§ **Exercise aim**
Skip the pictures and give back the rest of the listing exactly.

[[ Given material, beginning ]]

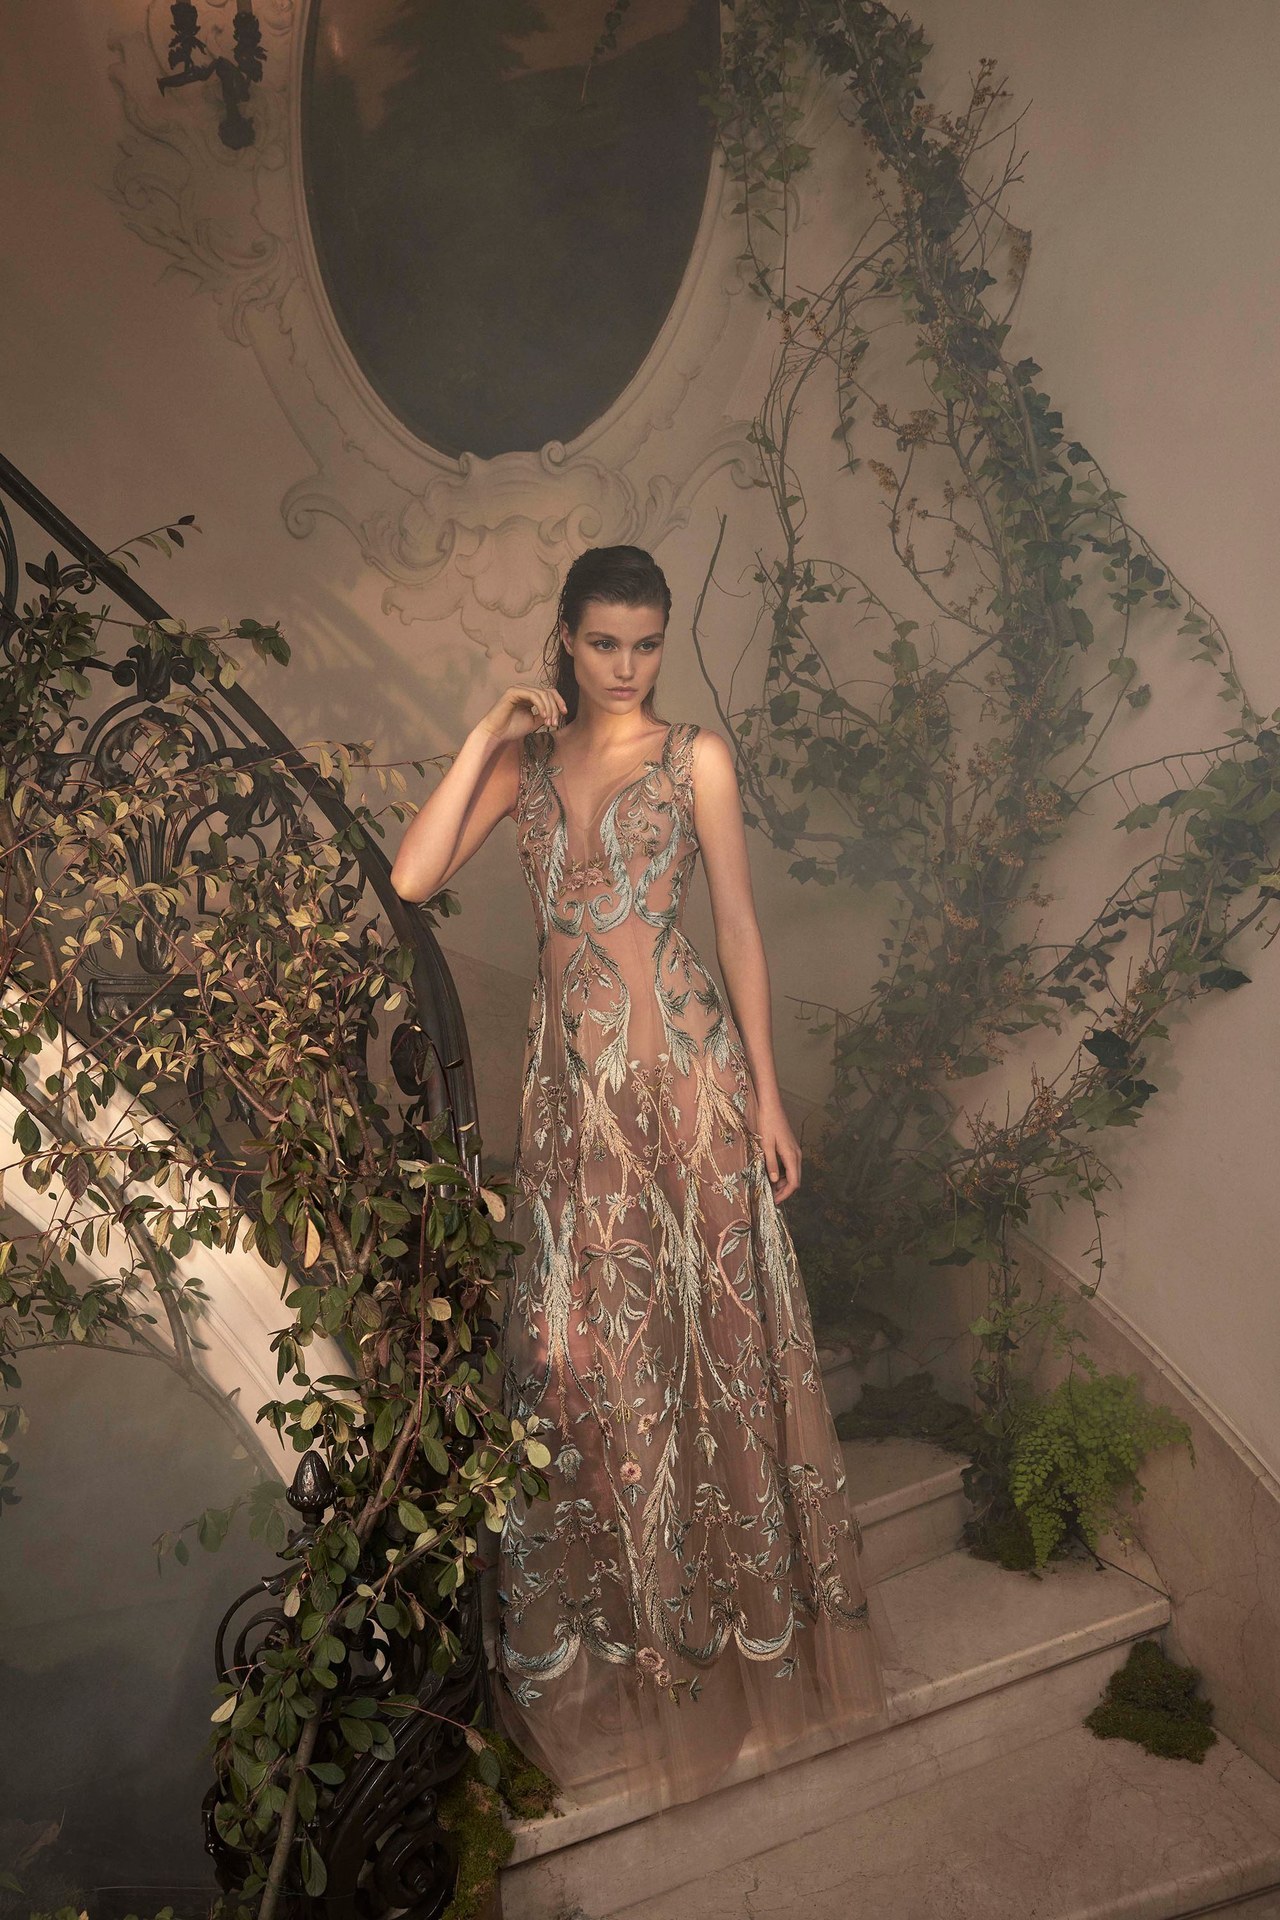 the-fashion-dish:
“Alberta Ferretti Limited Edition Spring 2018 Couture
”
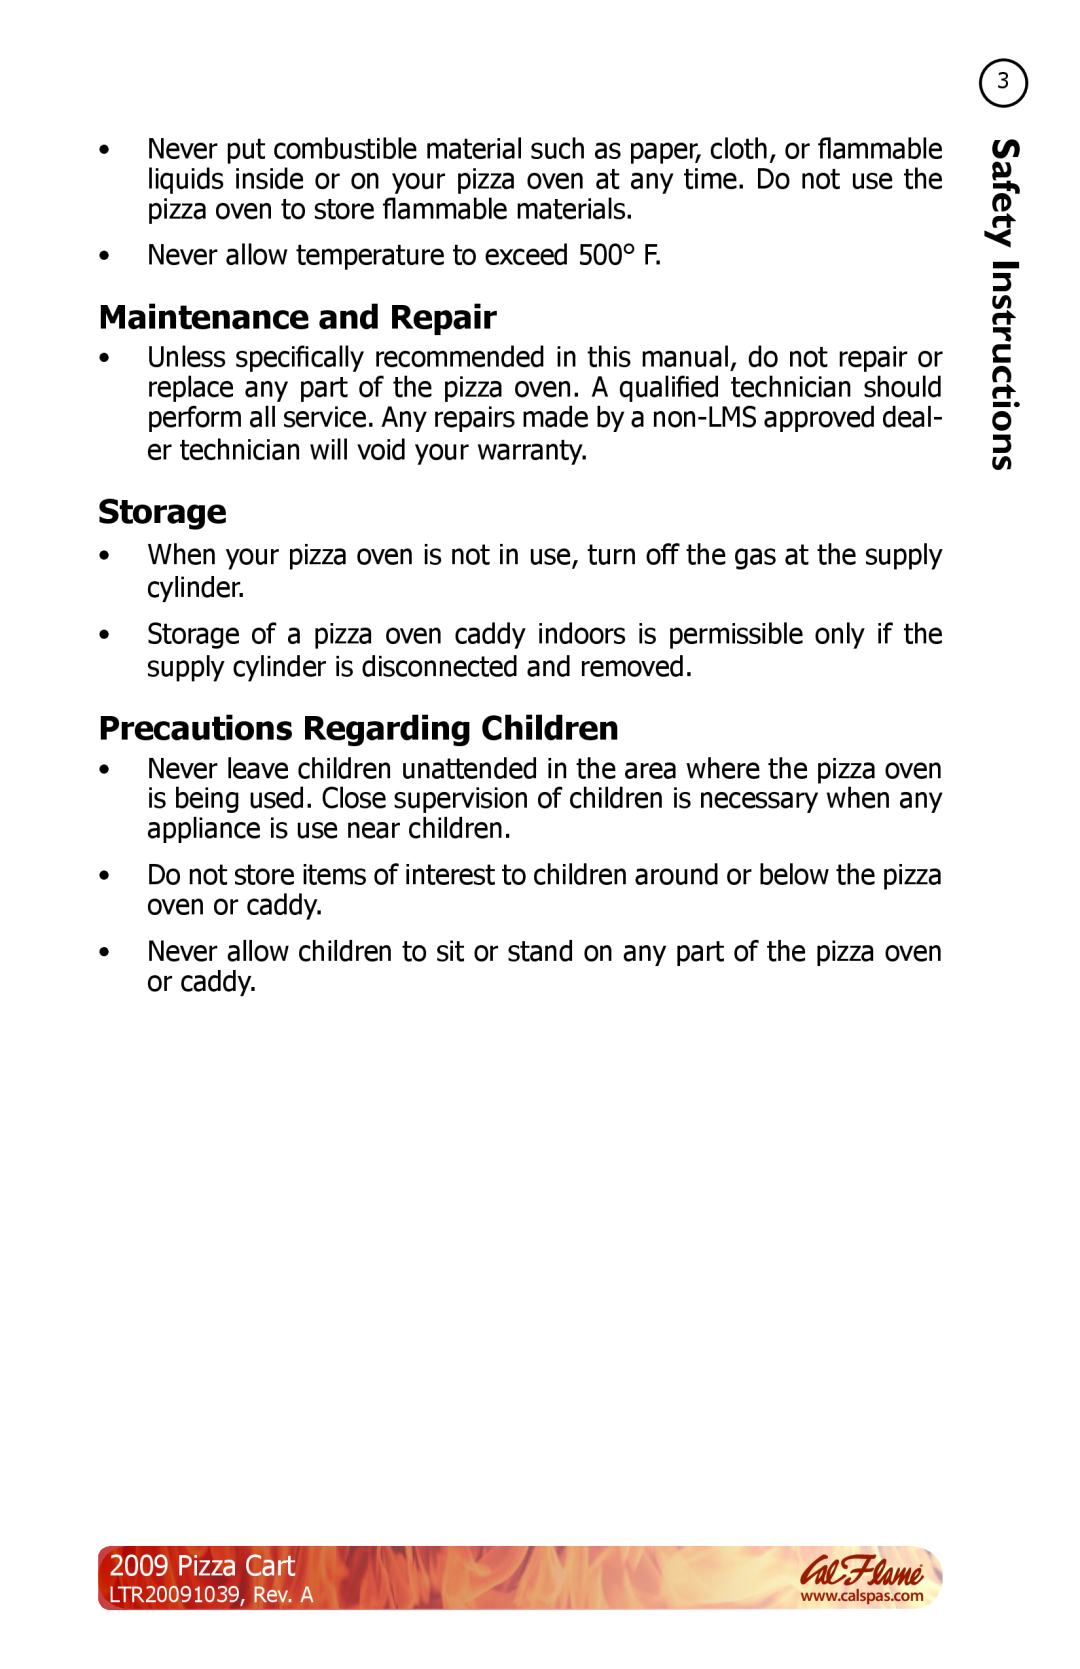 Cal Flame LTR20091039 manual Maintenance and Repair, Storage, Precautions Regarding Children, Pizza Cart

[[ Given material, end ]]

§ **The answer**
 the-fashion-dish:
“Alberta Ferretti Limited Edition Spring 2018 Couture
”
 Cal Flame LTR20091039 manual Maintenance and Repair, Storage, Precautions Regarding Children, Pizza Cart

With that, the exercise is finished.